The results in Fig. 5 illustrate the ability of the model to predict a range of parameters and behaviors that are of primary interest with regard to LV dynamics, including LV pressure and internal volume, components of stress and strain, P–V loops, and three-dimensional LV motions including contraction, shortening and torsion. This computation ran faster than real time and has potential to run much faster.

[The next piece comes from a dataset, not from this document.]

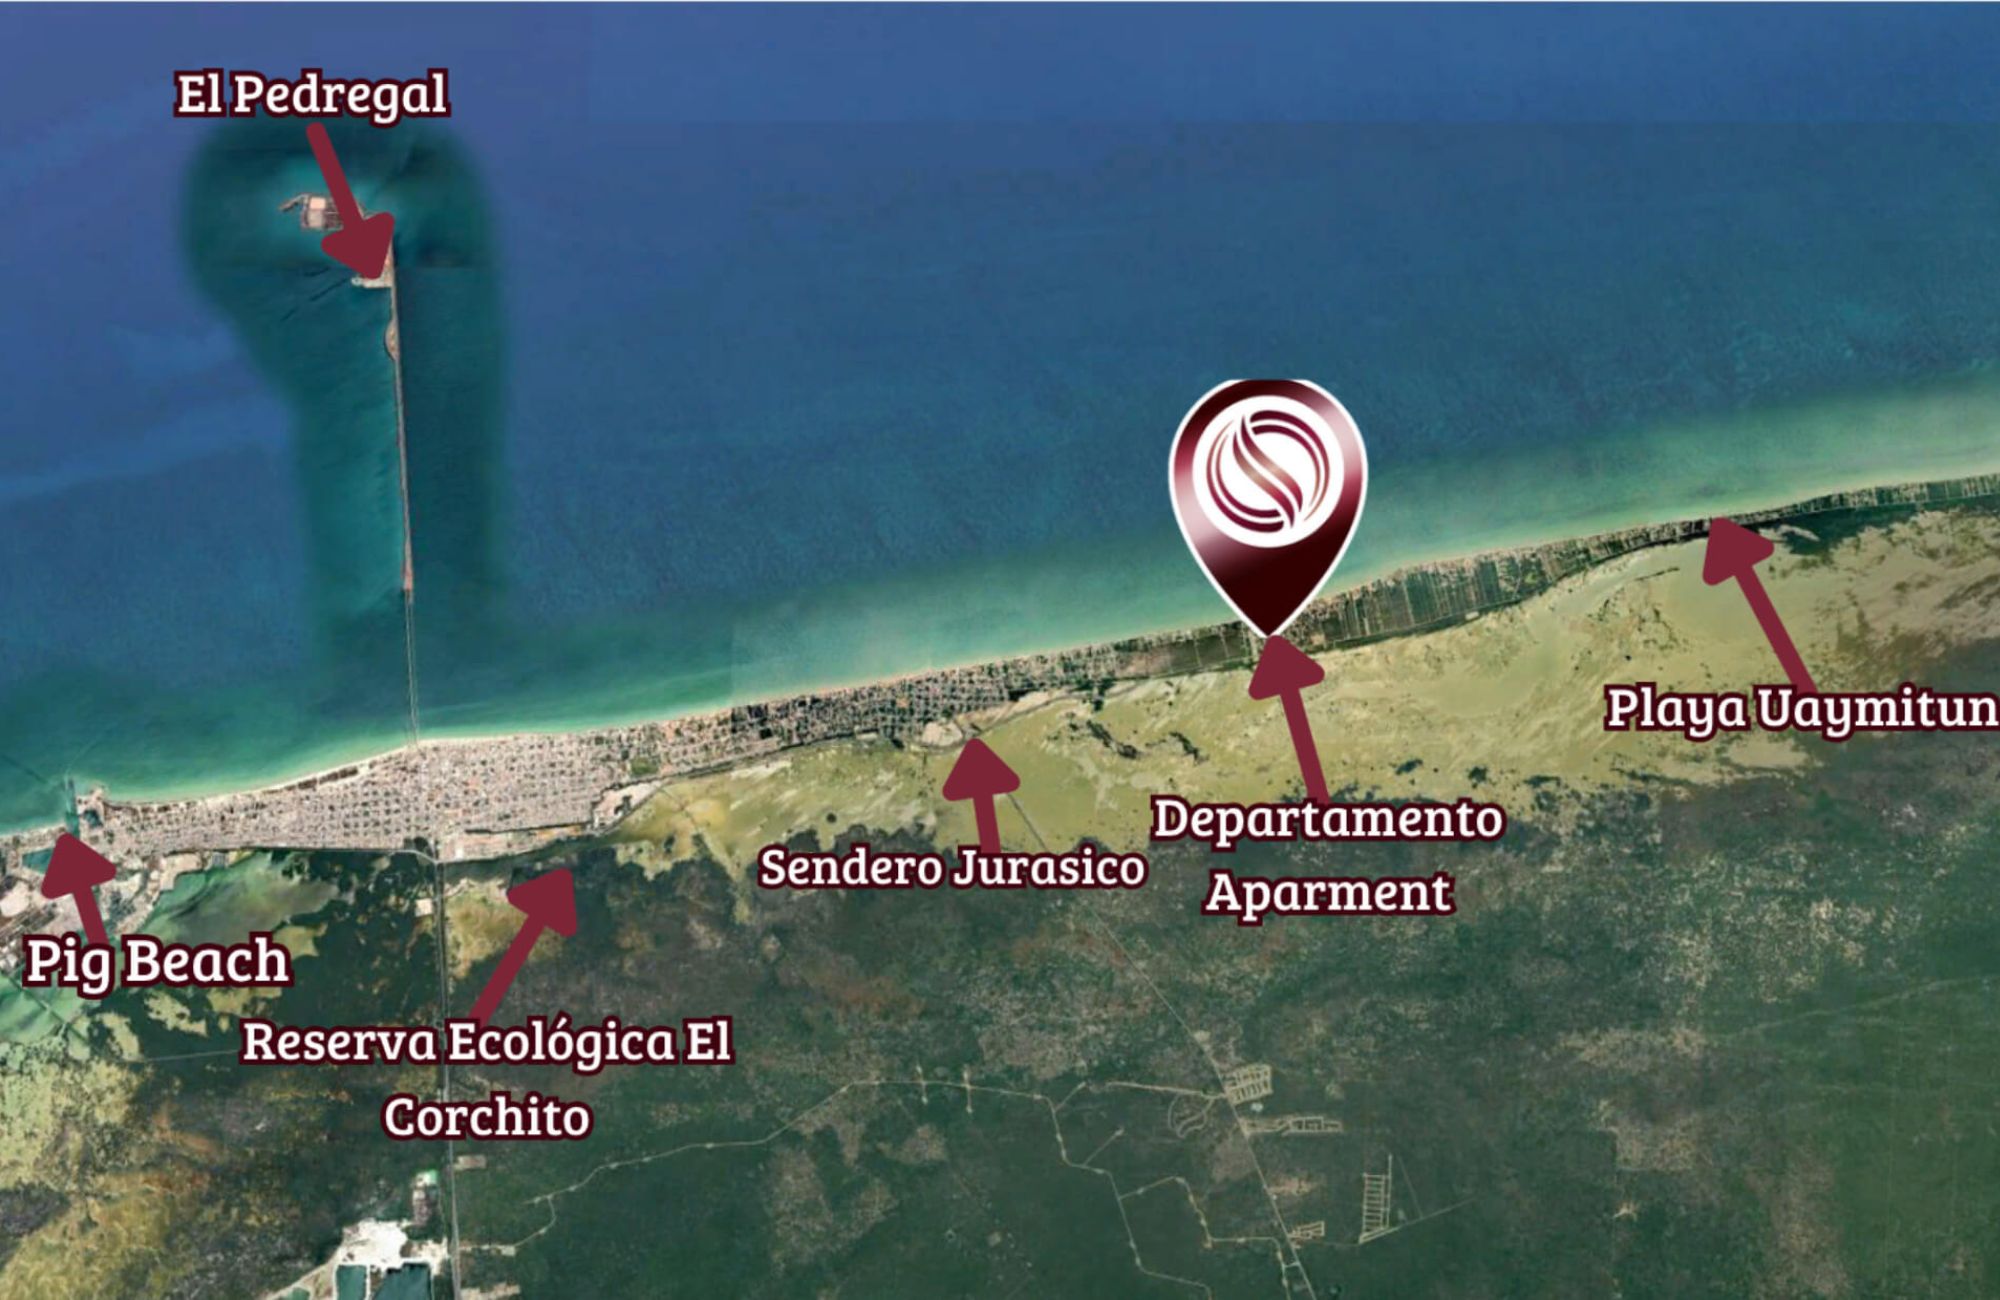 Steps from the beach apartment with terrace, grill and entertainment bar, Chicxulub Puerto, sale, for Mérida.
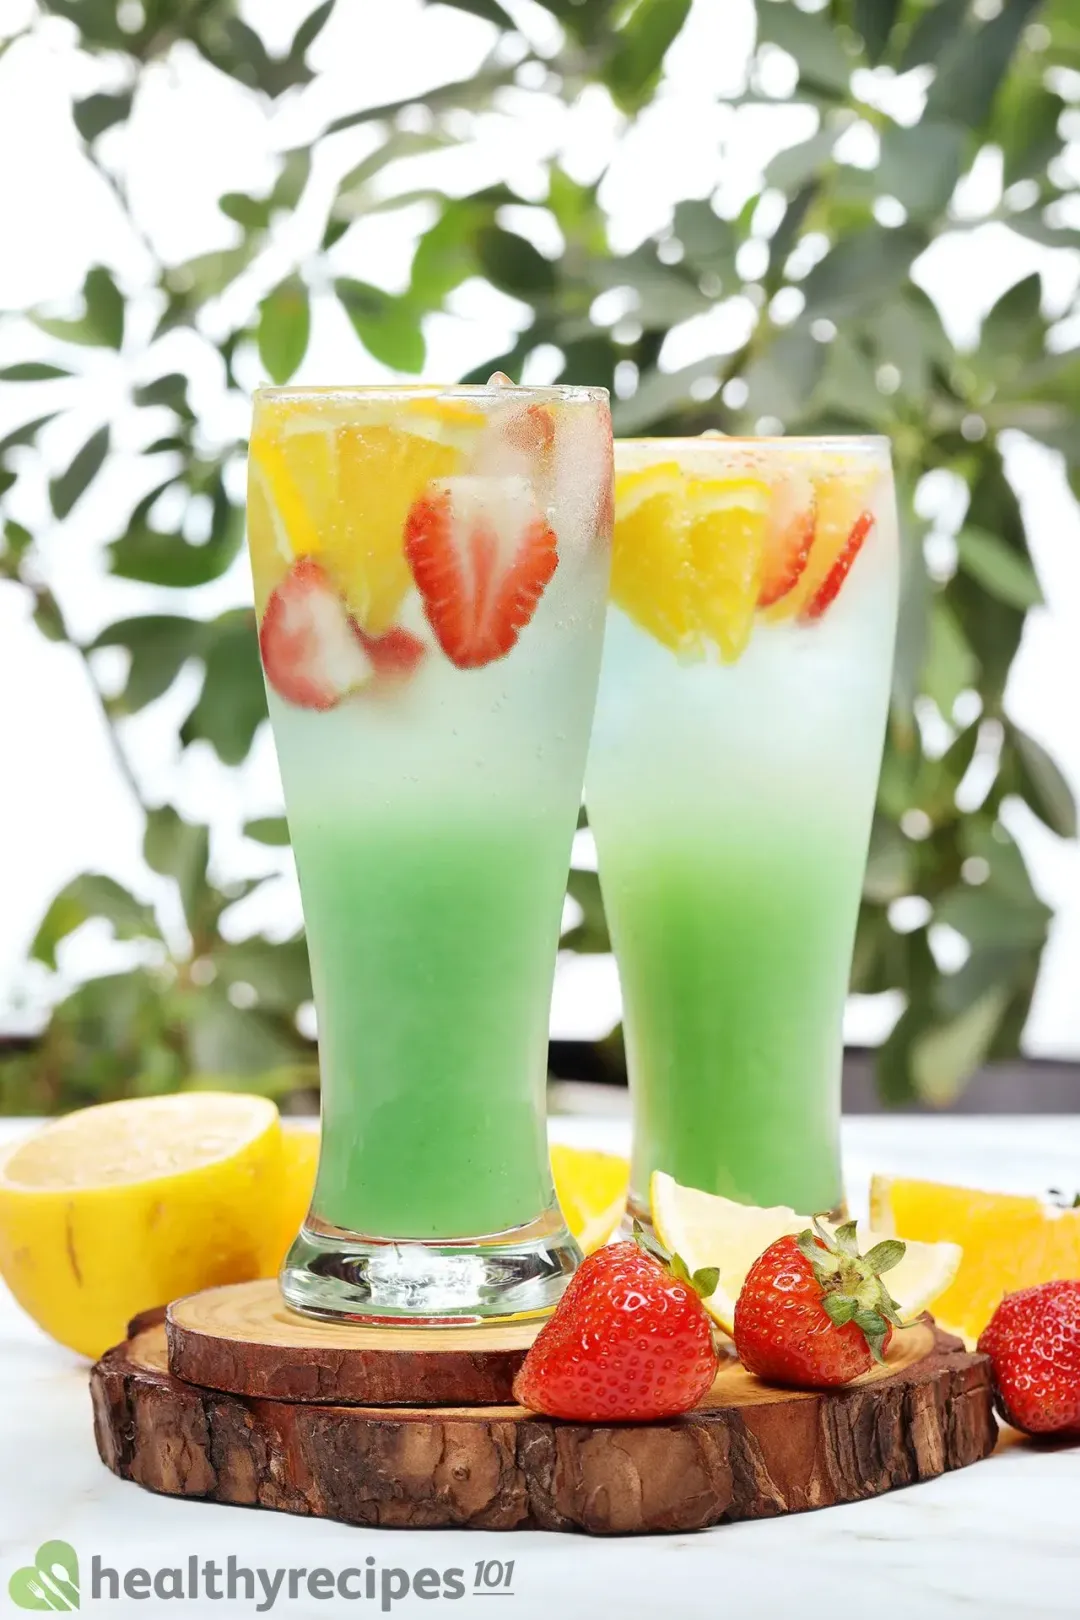 In front of a tree, two glasses of a green jungle juice cocktail put next to whole strawberries and whole lemons

An important contribution to the understanding of the relationship between myocardial stress and LV pressure was made by Arts et al.1 Assuming that fiber stress is uniform throughout the wall, they derived Eq. (34) giving the ratio of LV pressure to fiber stress to as a function of the ratio of wall volume to cavity volume, for any axisymmetric shape and independent of fiber orientation. This equation implies that LV shape does not have a large effect on pressure generation for given fiber stress and given cavity and wall volumes. Our results are consistent with this implication. The pressure–volume loops for three LV models with matched volumes but different shapes (Fig. 3) agree closely (Fig. 6), with only 1% variation in stroke work between models (Table 1).

In contrast to the model of Arts et al.,1 the present model allows estimation of variations in fiber stress and strain through the LV wall. Figure 7 shows substantial spatial variations in fiber stress at peak systolic contraction. Figure 8 shows that the temporal variation of fiber stress, although similar in form to that predicted by the model of Arts et al., varies significantly through the wall. In the model of Arts et al., fiber stress is assumed to be uniform from endocardium to epicardium. Their model does not include passive stiffness, and does not allow prediction of diastolic stresses. Also, it does not explicitly describe torsional stresses or deformation. The results in Figs. 7 and 8 are based on an assumed reference configuration that was taken to be close to the end-systolic echo geometry. Initially, all sarcomere lengths are equal at the reference shape with value of 1.82 μm. As the heart expands and contracts, the fiber strain is spatially variable, resulting in a non-uniform distribution of fiber stress. Even if a different reference shape was assumed, there would still be transmural variations in fiber strain and therefore variations of stress, in contrast to the Arts et al. model (Table 2).

Table 2 Parameters and variables of the model.

Ventricular wall stress is an important determinant of muscle metabolism and growth and remodeling in normal and pathologic conditions,38 but it is not measurable in the beating heart. Key aspects of muscle mechanics such as force–velocity and force–length relationships are measurable in isolated muscle specimens but not in the intact LV. The model developed here provides a basis for noninvasive assessment of wall stress and active force development in the LV. Predictions of the pattern and magnitude of longitudinal, circumferential, torsional and fiber stresses, as shown in Fig. 7, have potential applications for investigating the mechanisms of normal and pathological remodeling of the myocardium, and for estimating the spatial distribution (transmural and base to apex) of metabolic needs in the LV.

A goal of this work is to utilize observed LV deformations from speckle tracking echocardiography, in conjunction with the dynamic model, to identify parameters that define active and passive muscle properties. Such parameter identification will require repeated simulations of LV motion and deformation using the model, with iterative adjustment of the parameters for best fit between predicted and observed motions. The rapid computational speed of the present model makes this approach feasible. Alternatively, low-order model parameter estimation could serve as a preliminary step for finite-element model parameter estimation, narrowing the parameter space and thereby reducing computational needs. The model presented here assumes axisymmetric LV geometry, but the low-order approach can be extended to the analysis of non-axisymmetric geometries by including additional modes of deformation.